- **Data shown**
______

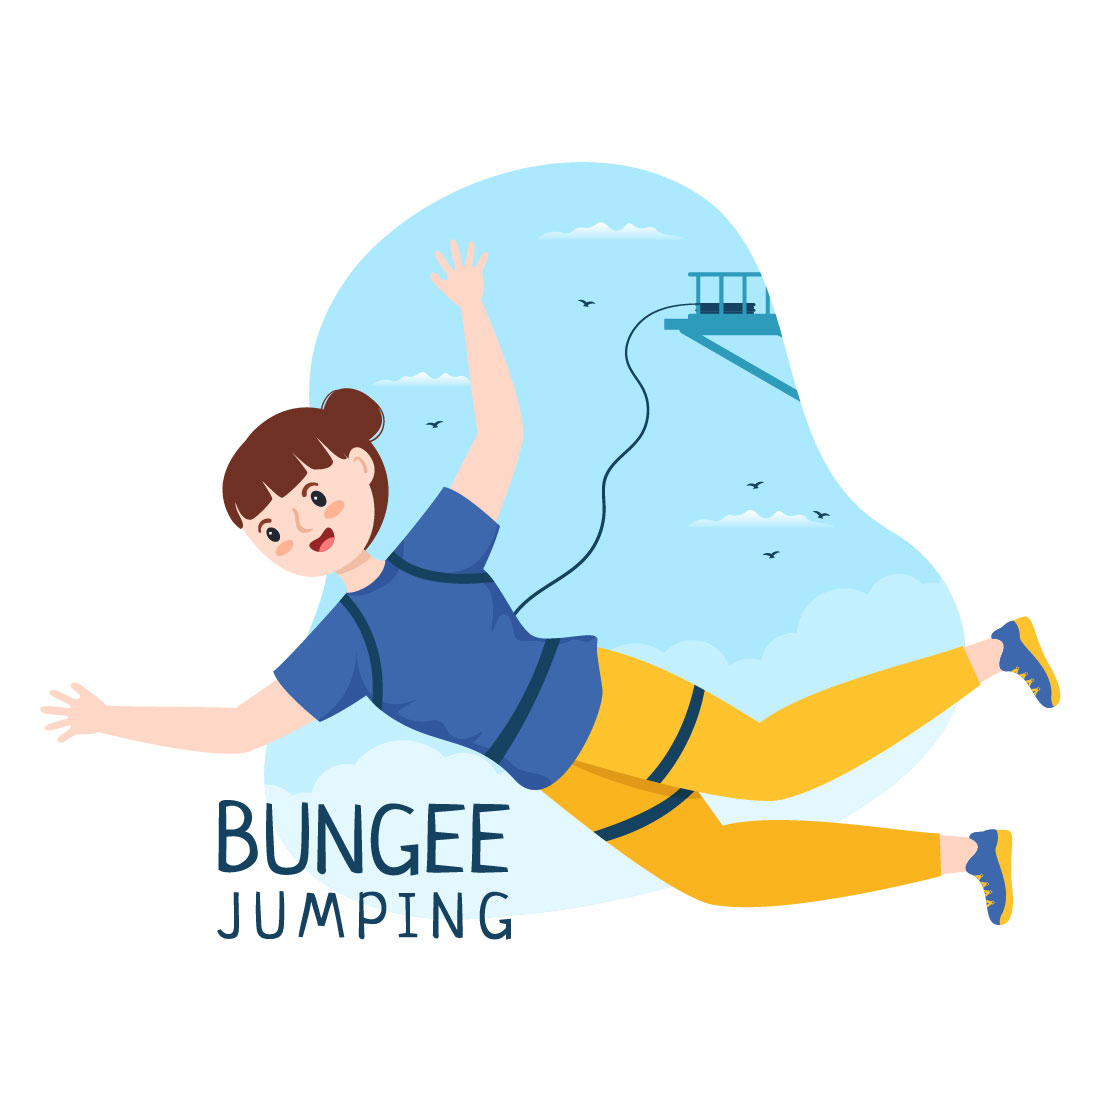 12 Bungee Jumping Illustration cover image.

______

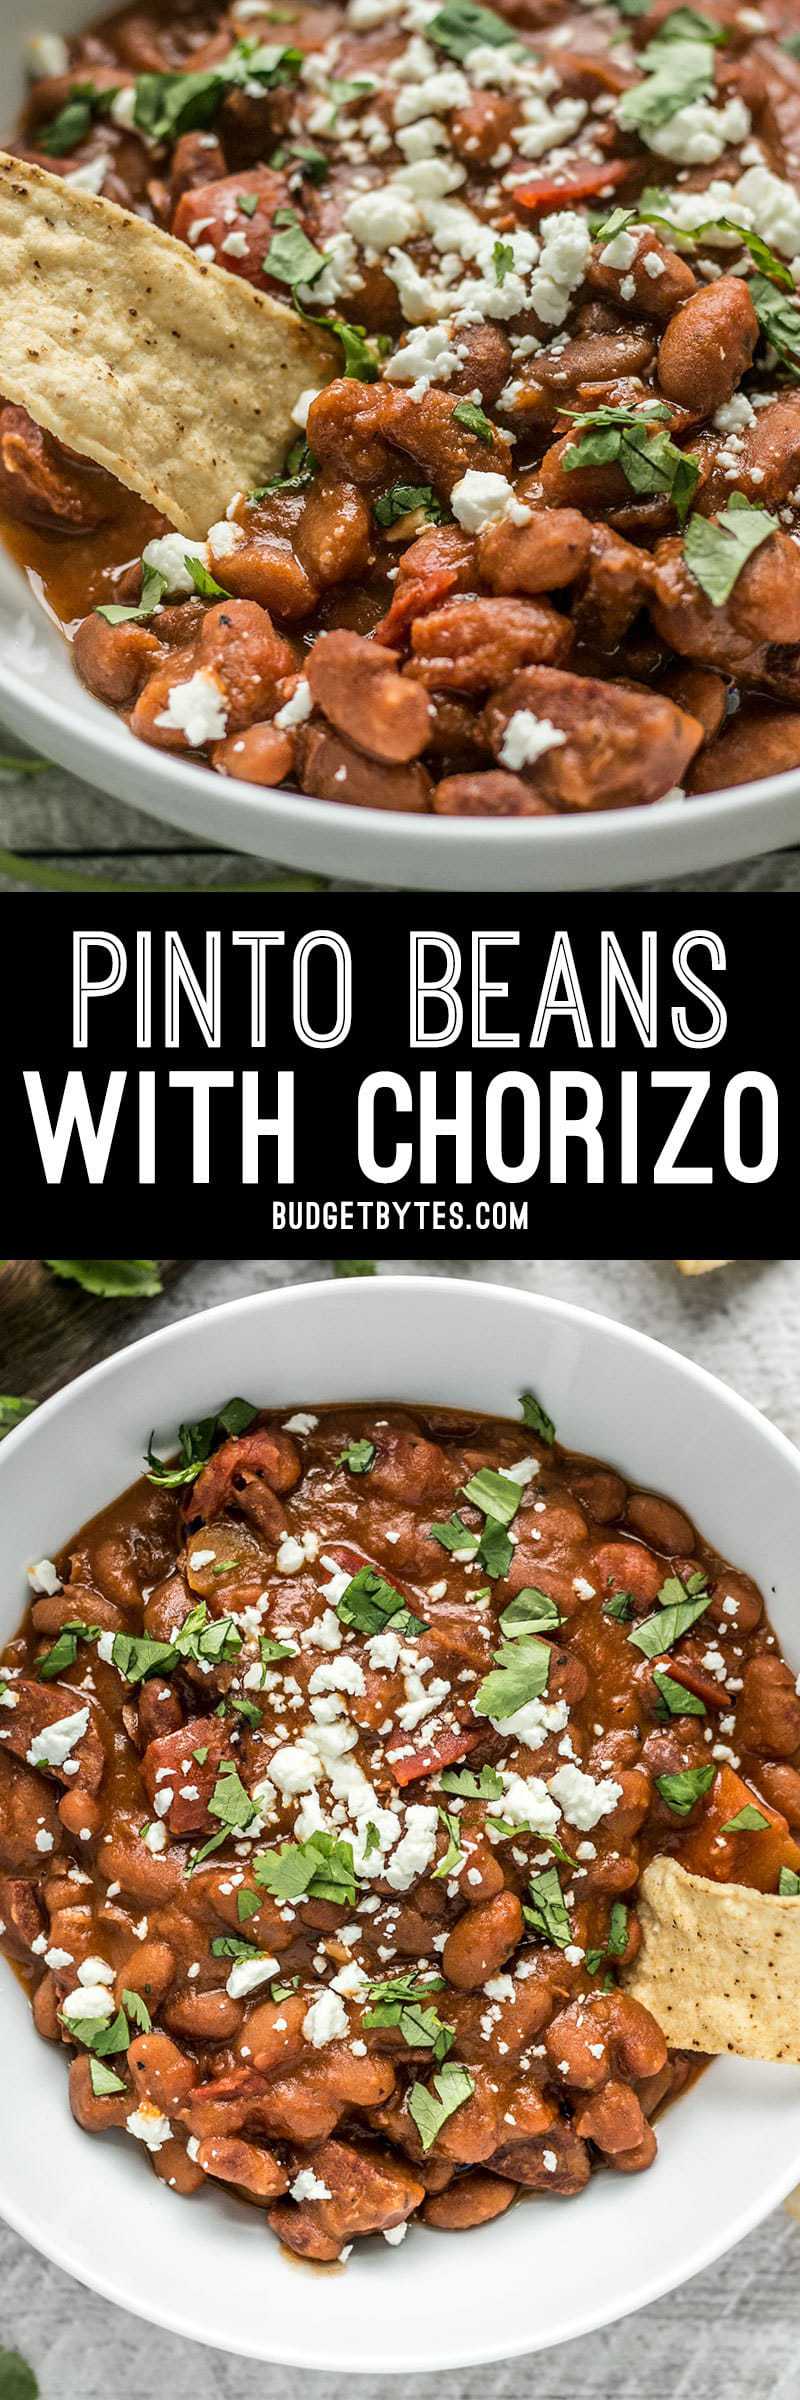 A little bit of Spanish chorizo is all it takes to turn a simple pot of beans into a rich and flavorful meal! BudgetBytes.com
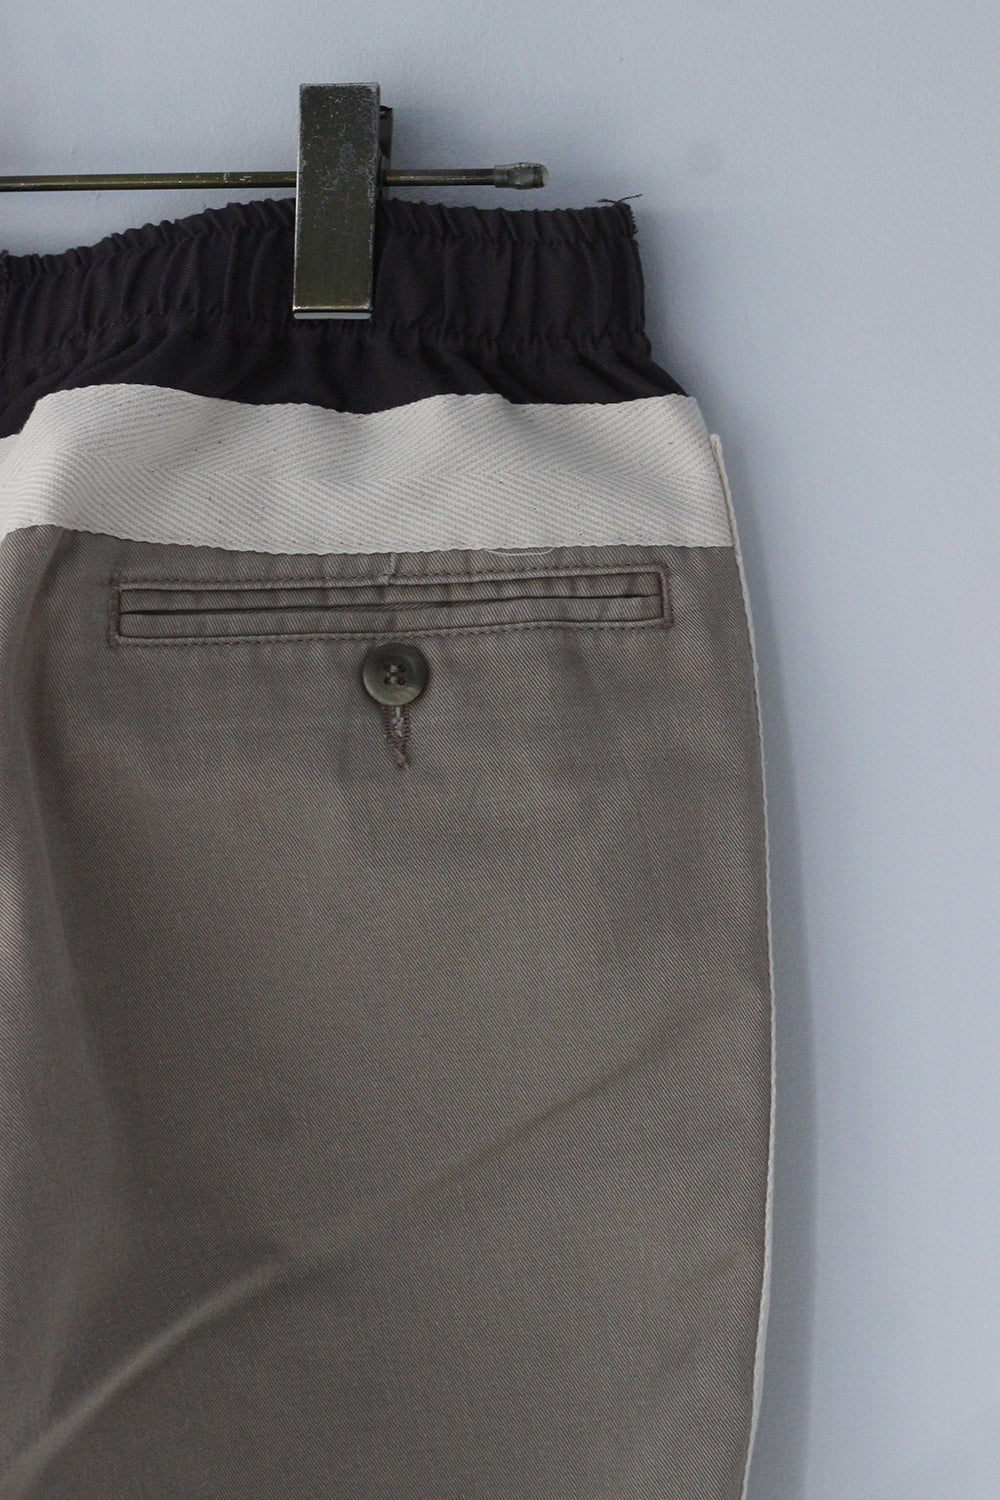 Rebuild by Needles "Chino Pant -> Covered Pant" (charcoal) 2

______

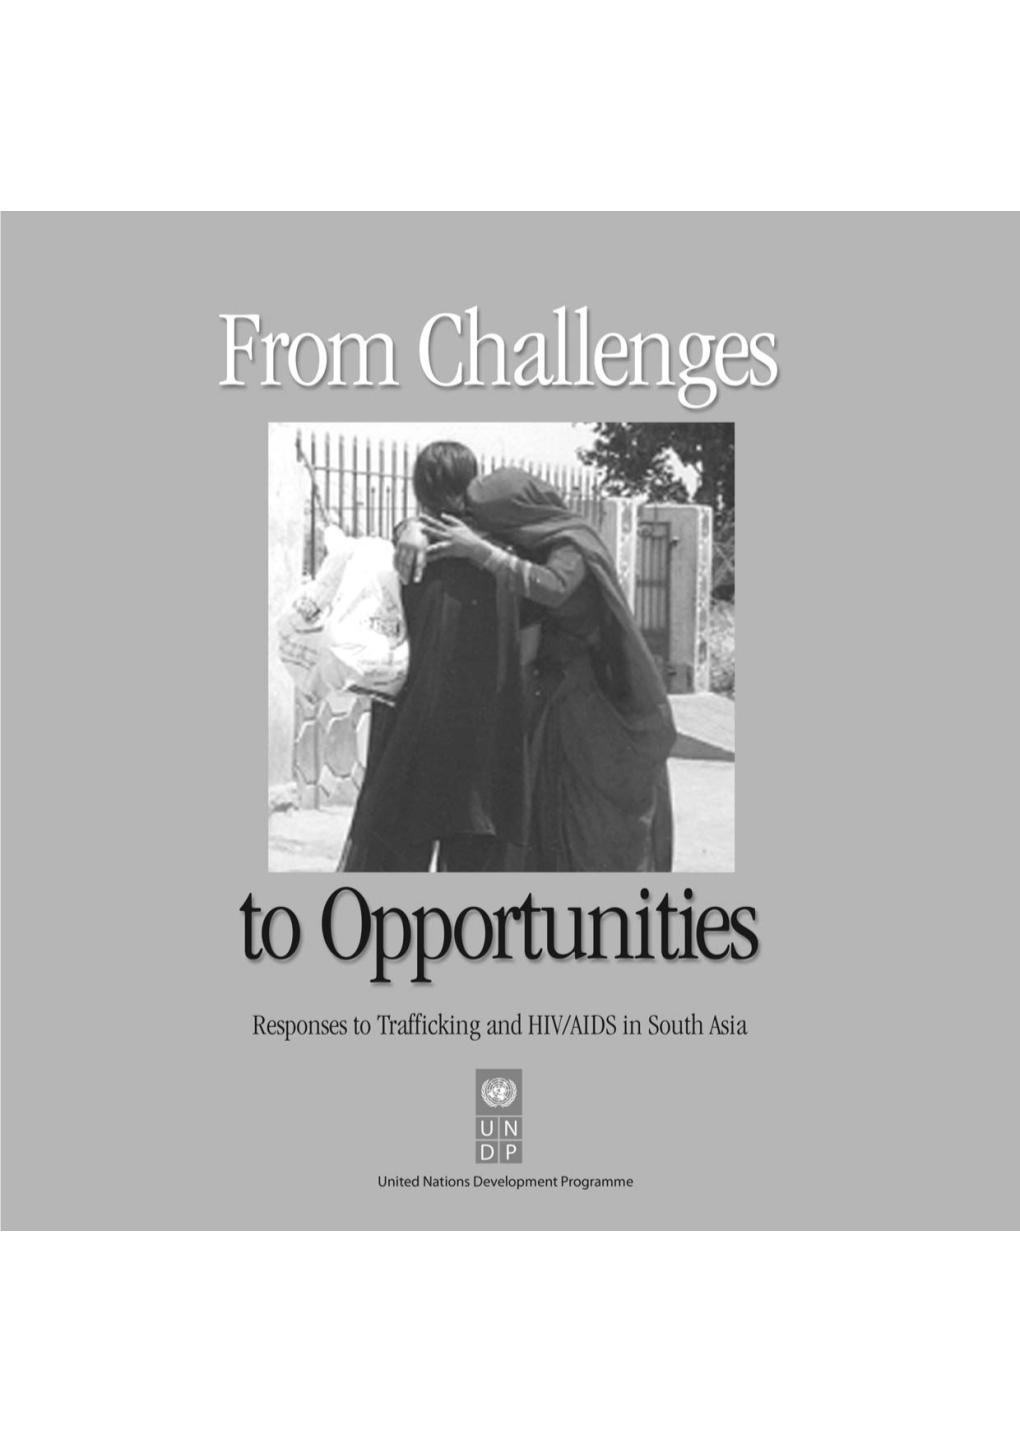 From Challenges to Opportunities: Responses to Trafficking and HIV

______

- **What the task asks**
Repeat only the stretch of data above that runs from the line with "A little bit" to the line with "Rebuild by Needles". Keep both end lines; exclude pictures.

- **Solution for this problem**
 A little bit of Spanish chorizo is all it takes to turn a simple pot of beans into a rich and flavorful meal! BudgetBytes.com
 Rebuild by Needles "Chino Pant -> Covered Pant" (charcoal) 2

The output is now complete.